#TBT – This is why we can’t have mediocre things
Our first Christmas living off campus, Steven, Anelle, and I bought a Christmas tree. Like real adults. And we probably drank hot chocolate spiked with rum while we decorated it. Like real adults. Maybe it snowed. It was super Norman Rockwellian. Our only ornaments were whatever was on clearance at Lowe’s and things we made, but it was our tree and we were proud of it.
We also had a dog named Aspen. He was a shelter mutt, and he seriously needed therapy. Aspen’s two goals in life were at odds with one another; to not be noticed, and to please you 100%. I think we could all relate to Aspen a little bit. Whenever we had parties we would create a hideout just for him in the laundry room, where individual people could visit and give him love. The perfect introvert cave. As I’m typing this I’m understanding why we fell in love with this dog – he was us, in K9 form.
I have no doubt that the sudden arrival of a tree inside his house was disconcerting. Trees are outside. Now they are inside. This did not fit Aspen’s preconceived notions of the world.
What happened next has been the source of much speculation.
We woke up the next morning and the tree was on the floor. Maybe we didn’t know how trees worked? We lifted the tree, glad that most of our ornaments were made out of .19¢ Food Lion mac and cheese boxes from the recycling bin. As we restored the tree to its upright position we realized it had been lying in a big pile of dog poop. Squishy dog poop was now caked into its branches, and smooshed into the floor.
What the… How the… Huh?
A few theories.
Aspen, angry that the trees were invading the indoors, decided to beat the shit out of it.
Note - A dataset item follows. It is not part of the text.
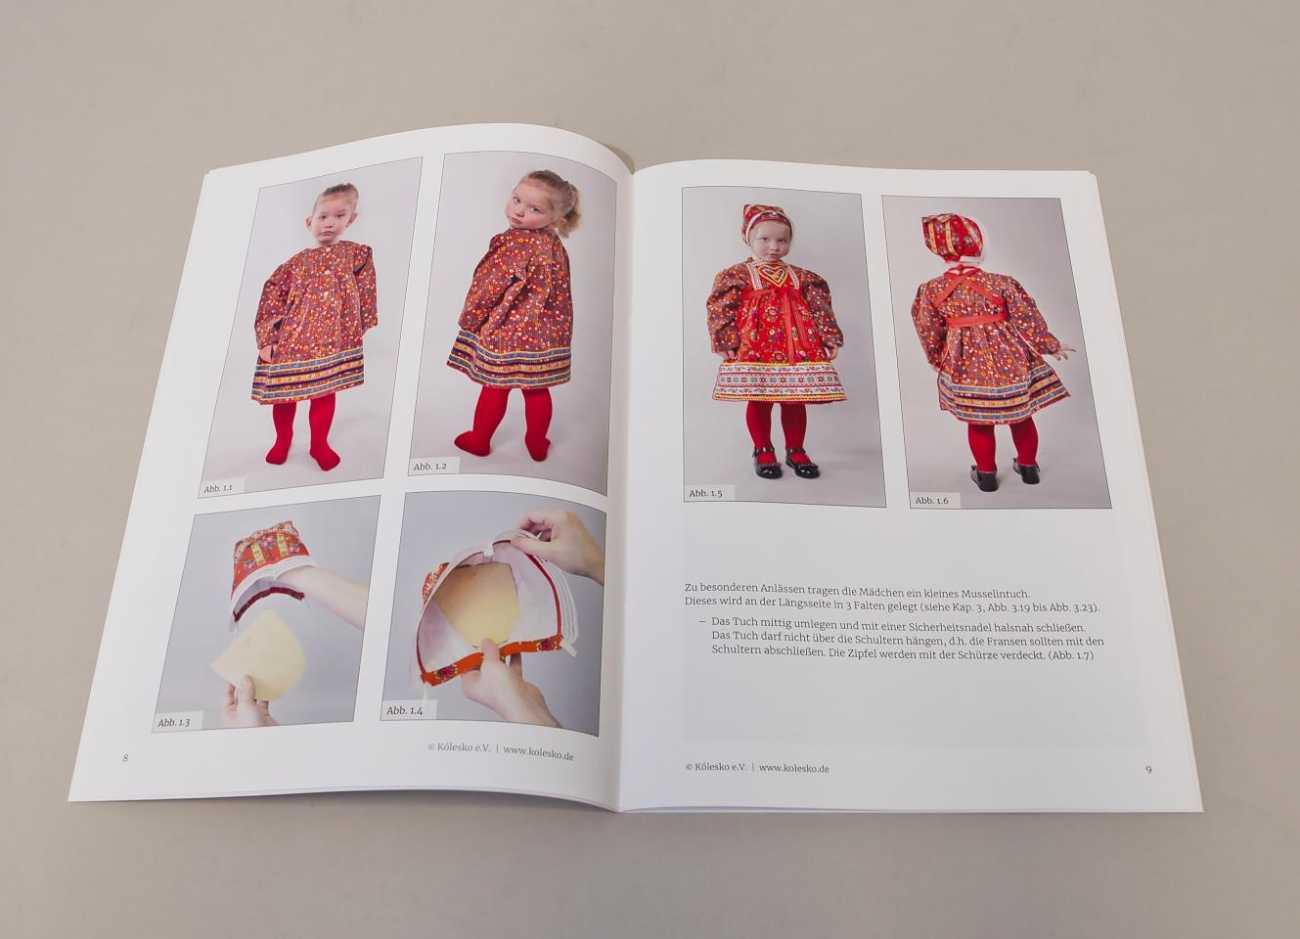 Gładźarnica - Die Schleifer Kindertracht

Instead it beat the shit out of him.
He was taking a leisurely poop by a tree, like you do, and backed up into it.
He was just sitting there minding his own doggy business, pondering the meaning of life, when the tree started falling in slow motion. It literally scared the shit out of him.
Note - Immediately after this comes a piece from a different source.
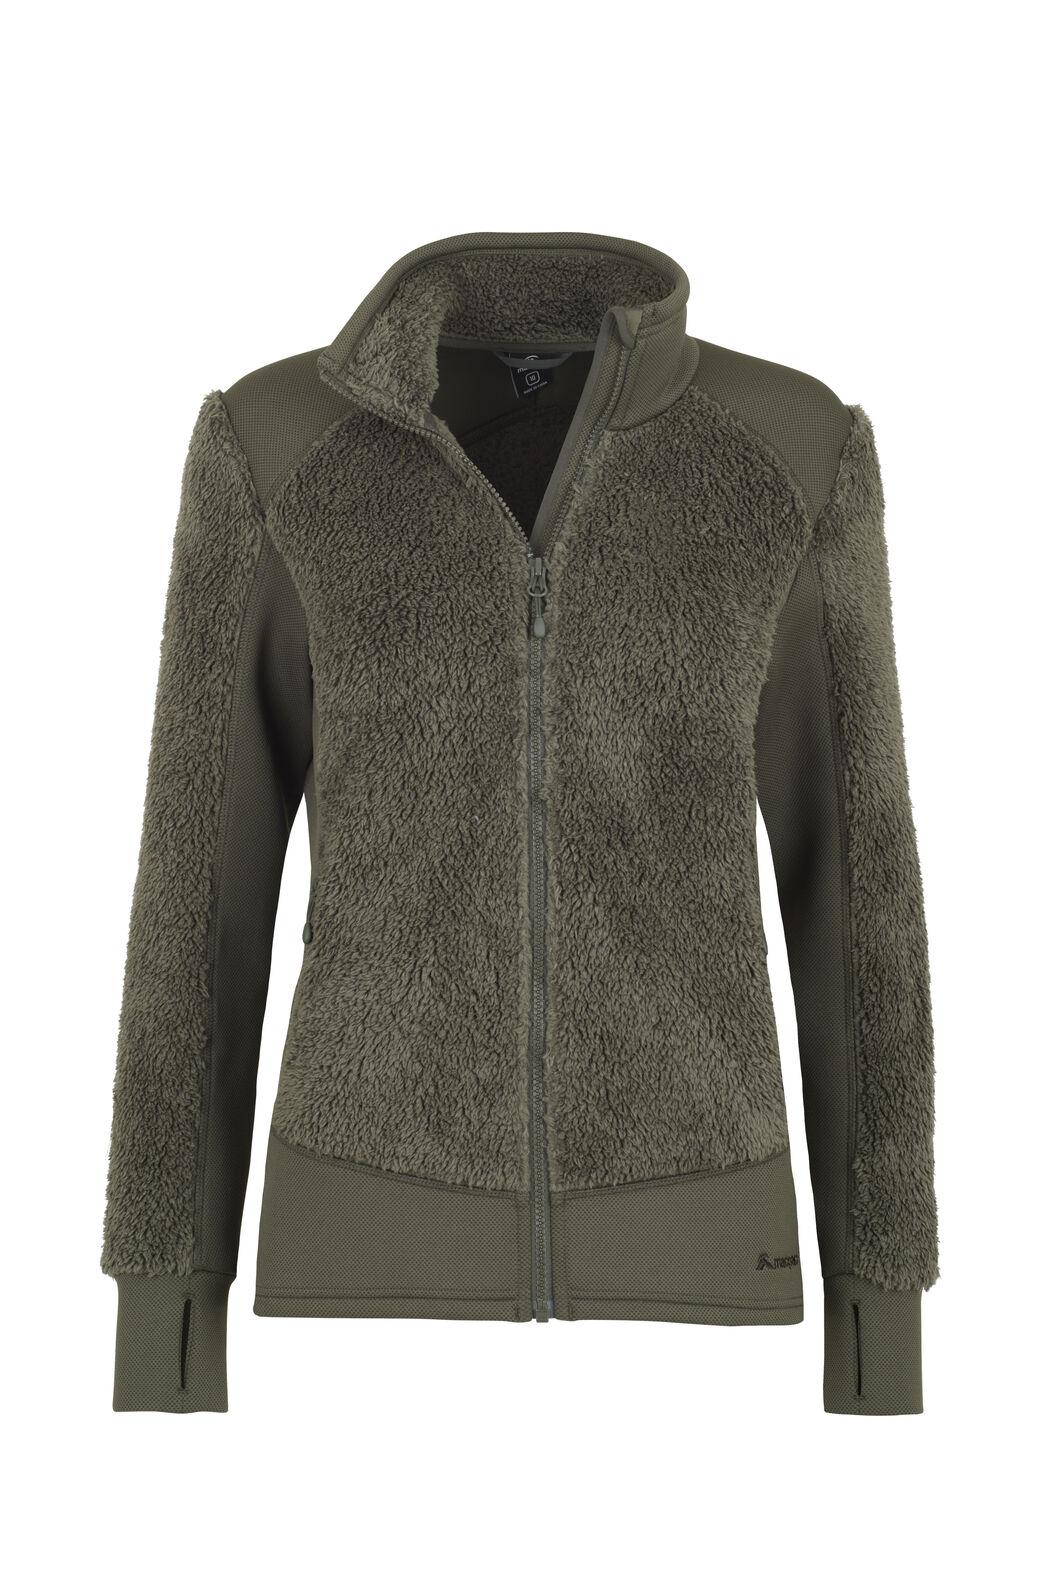 Macpac Haast Sherpa Fleece - Women's, Peat, hi-res

He pooped in the house, for secret reasons, and then knocked the tree over to hide the evidence.
We cleaned poop out of pine branches as Aspen watched with reticence, neither smug nor contrite. He was Aspen, and sometimes weird things happened to him. Random strangeness was, after all, a prerequisite for being part of our little self-made family. Maybe he just wanted to feel like he belonged.